Instructions for the task. Reproduce the whole listing that follows, character for character, and drop the images.

Dataset extract.
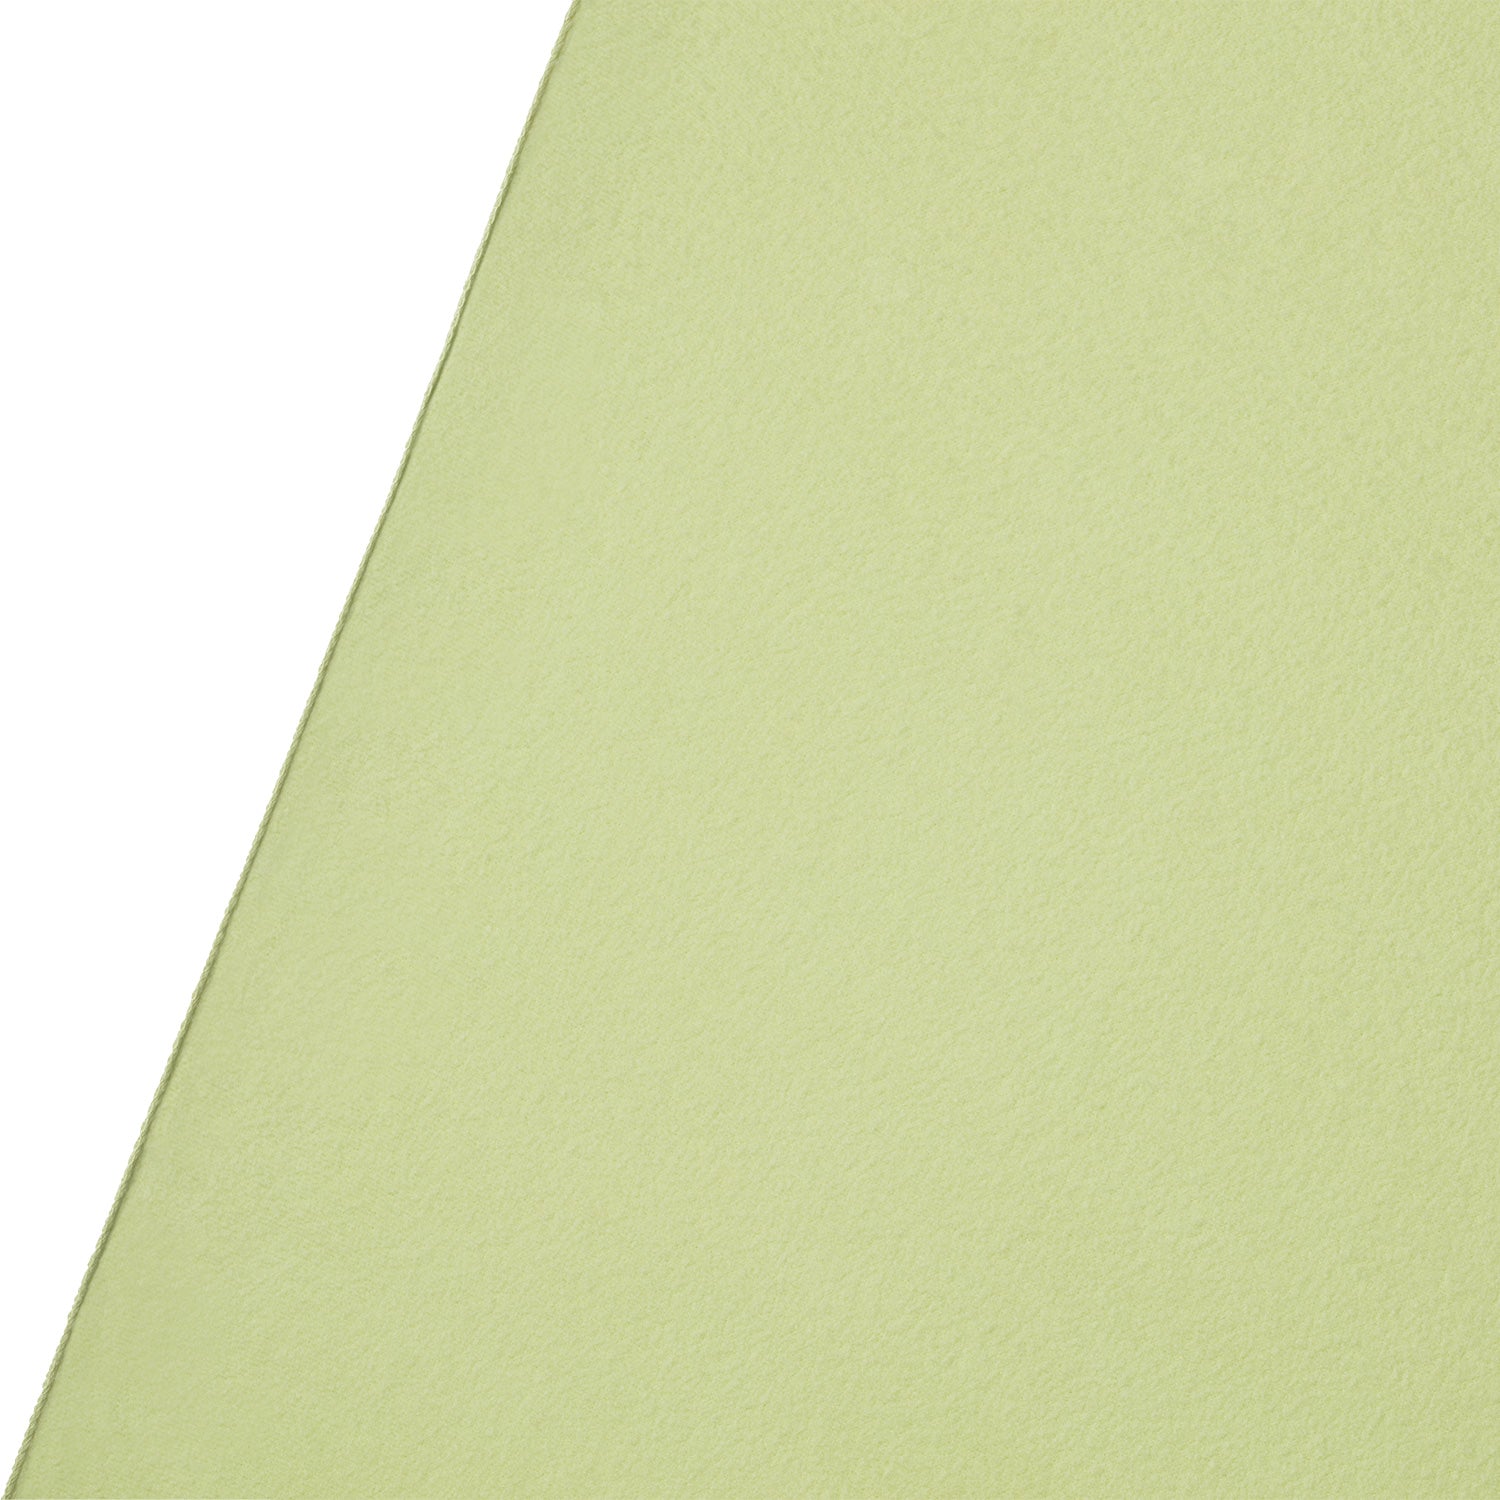 X-Drop Pro Wrinkle-Resistant Backdrop - Light Moss Green (8' x 8')
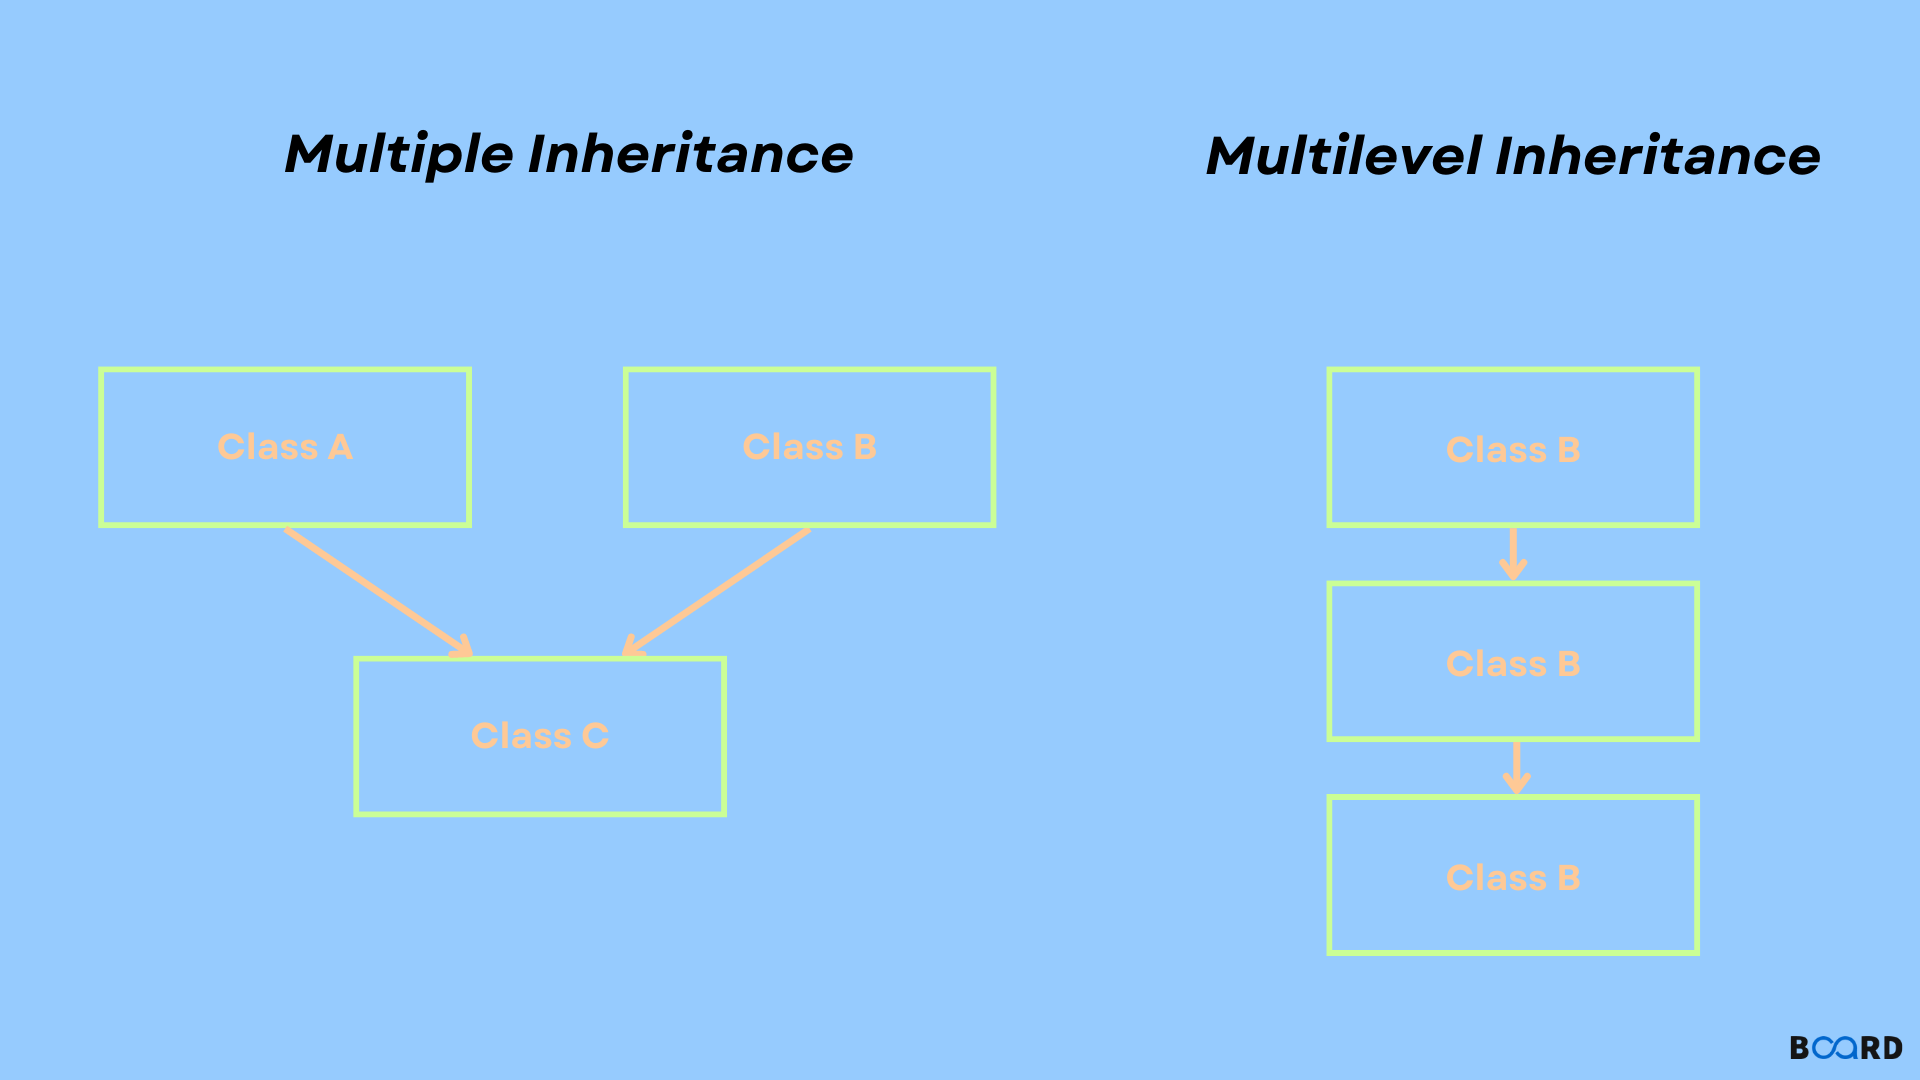 Multiple Inheritance in C++
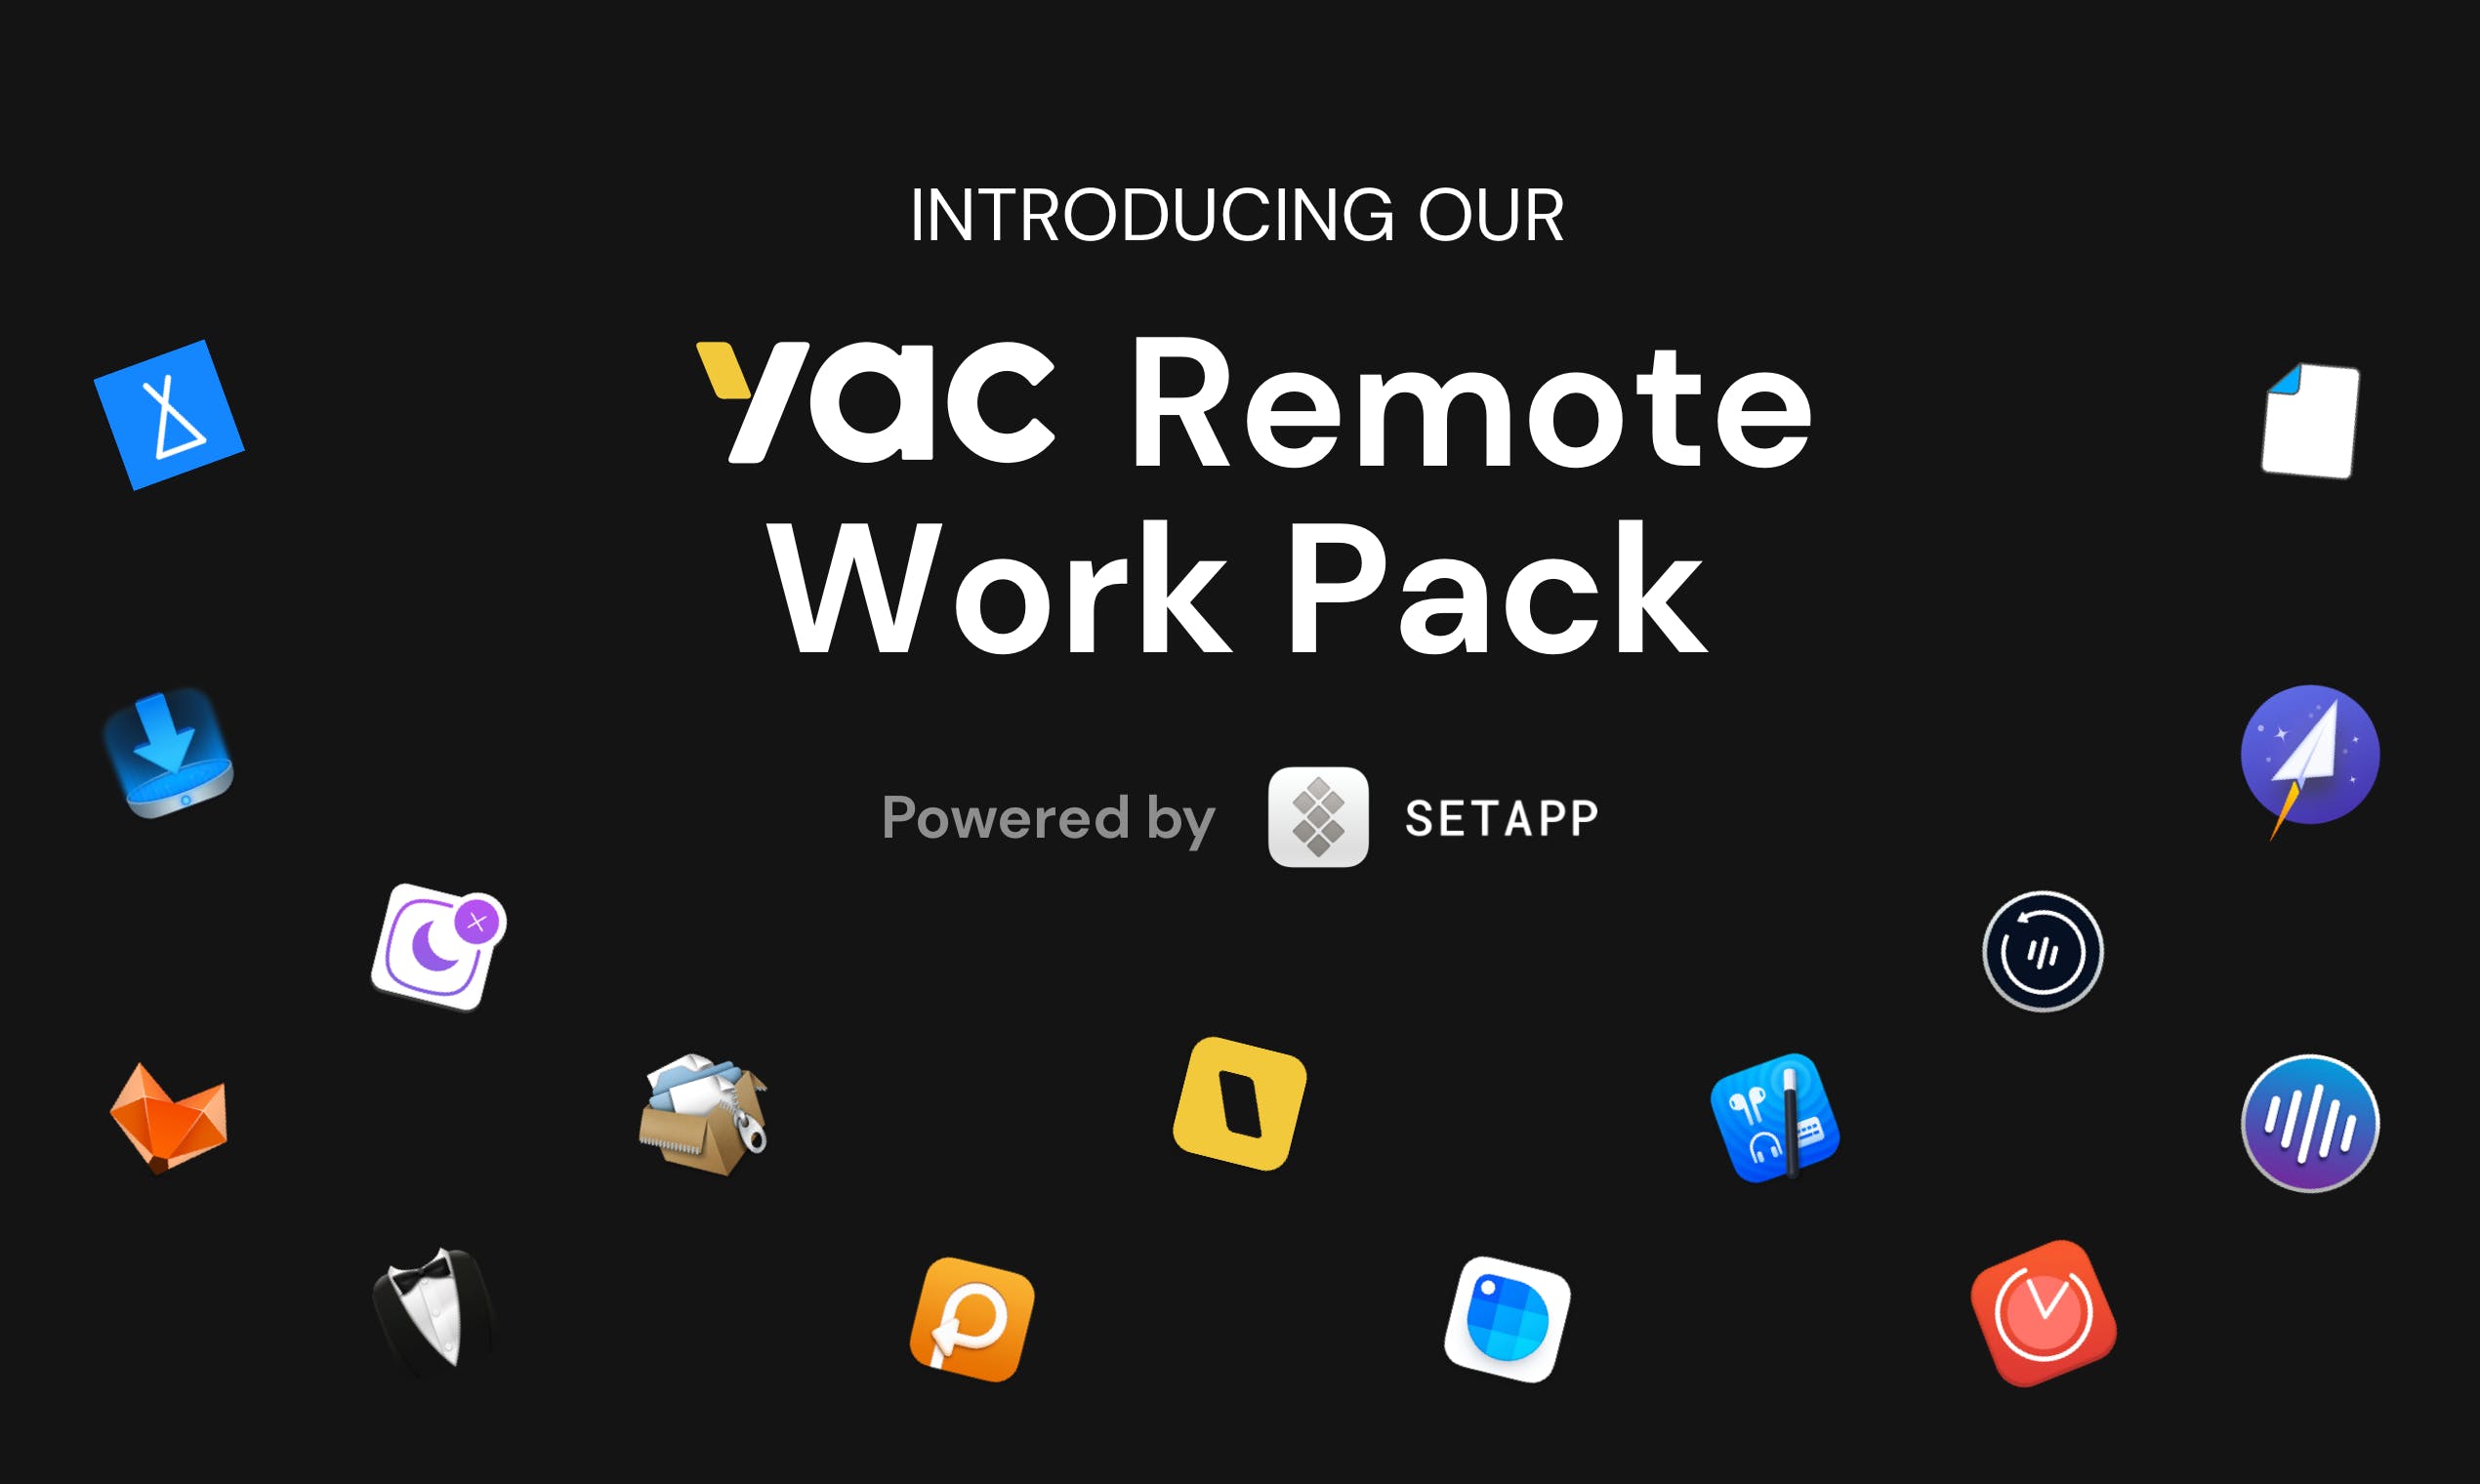 Yac Remote Work Pack on Setapp media 2

Output below.
 X-Drop Pro Wrinkle-Resistant Backdrop - Light Moss Green (8' x 8')
 Multiple Inheritance in C++
 Yac Remote Work Pack on Setapp media 2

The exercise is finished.